- Opening Delimiter -

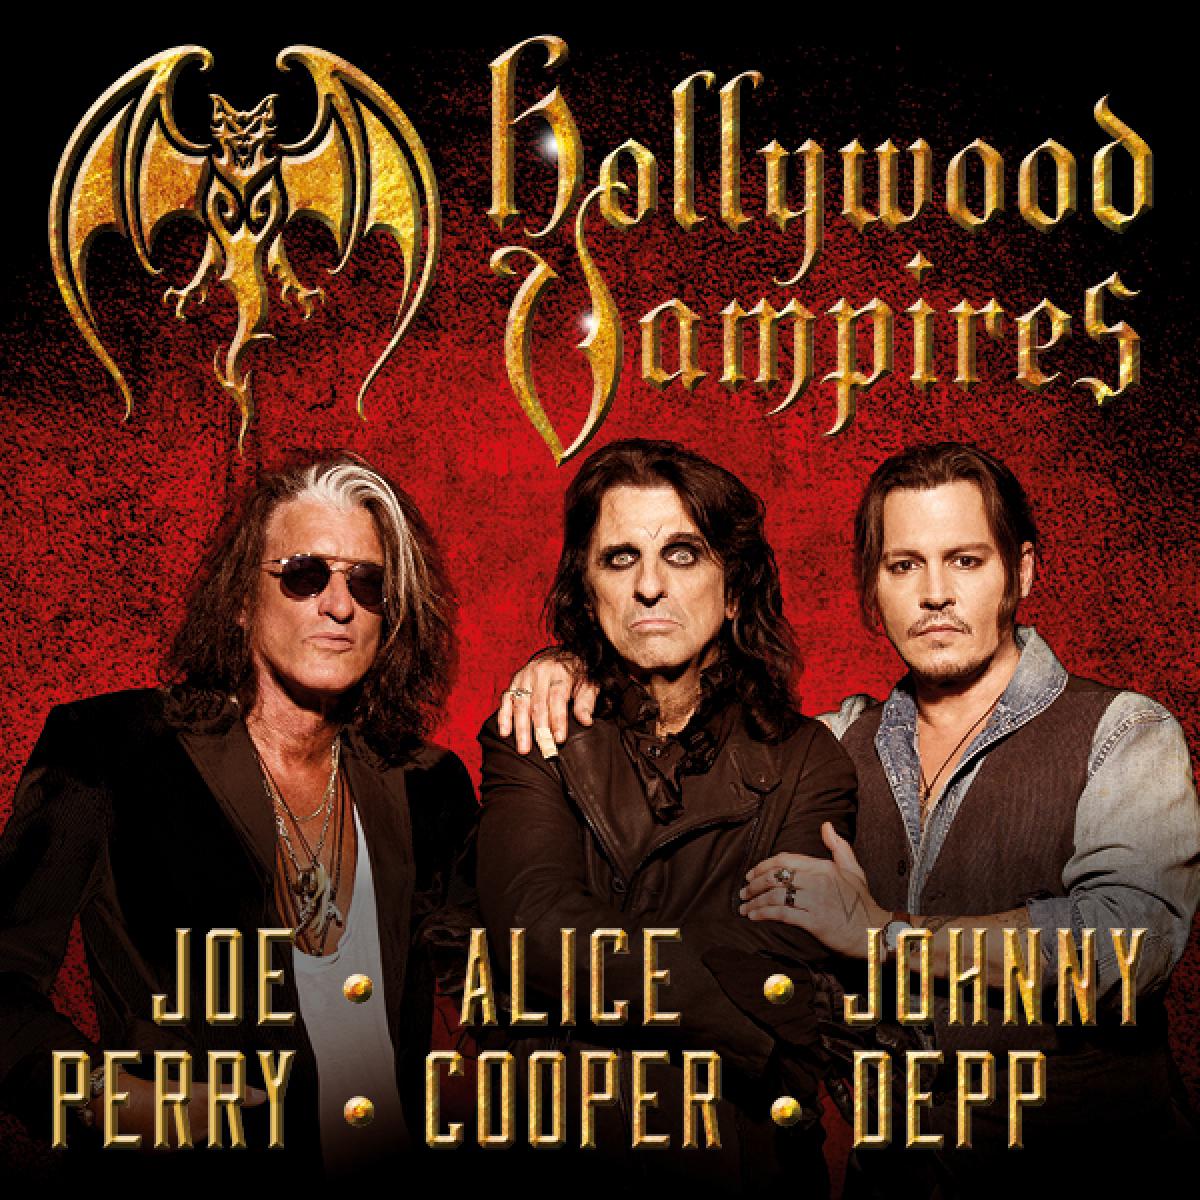 hollywood vampires tour in usa
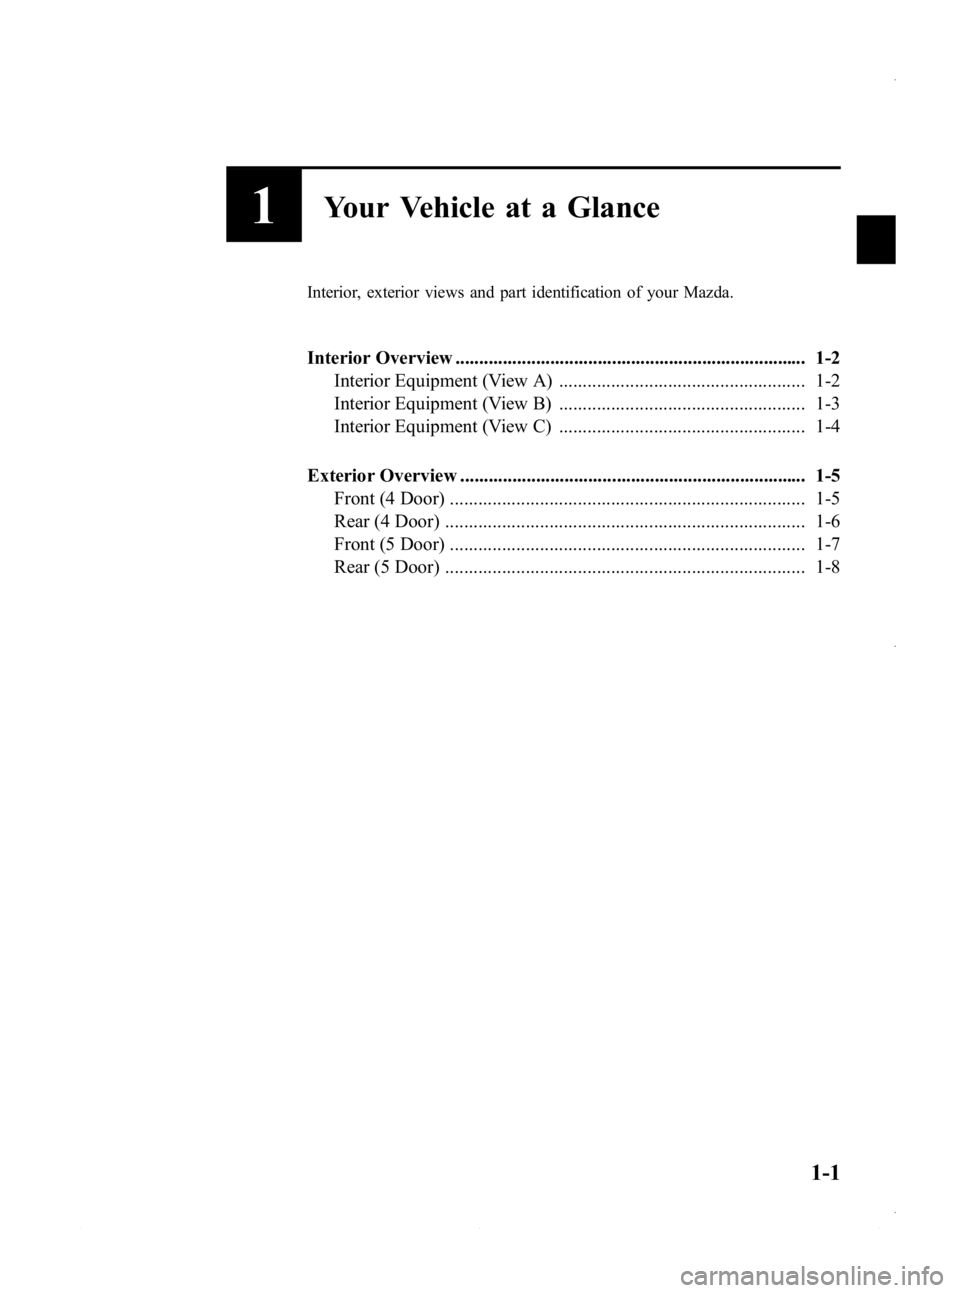 MAZDA MODEL 3 5-DOOR 2013  Owners Manual Black plate (7,1)
1Your Vehicle at a Glance
Interior, exterior views and part identification of your Mazda.
Interior Overview ..........................................................................

- Closing Delimiter -

== Task goal ==
Repeat the listing verbatim, pictures excluded.

== Your solution ==
 hollywood vampires tour in usa
 MAZDA MODEL 3 5-DOOR 2013  Owners Manual Black plate (7,1)
1Your Vehicle at a Glance
Interior, exterior views and part identification of your Mazda.
Interior Overview ..........................................................................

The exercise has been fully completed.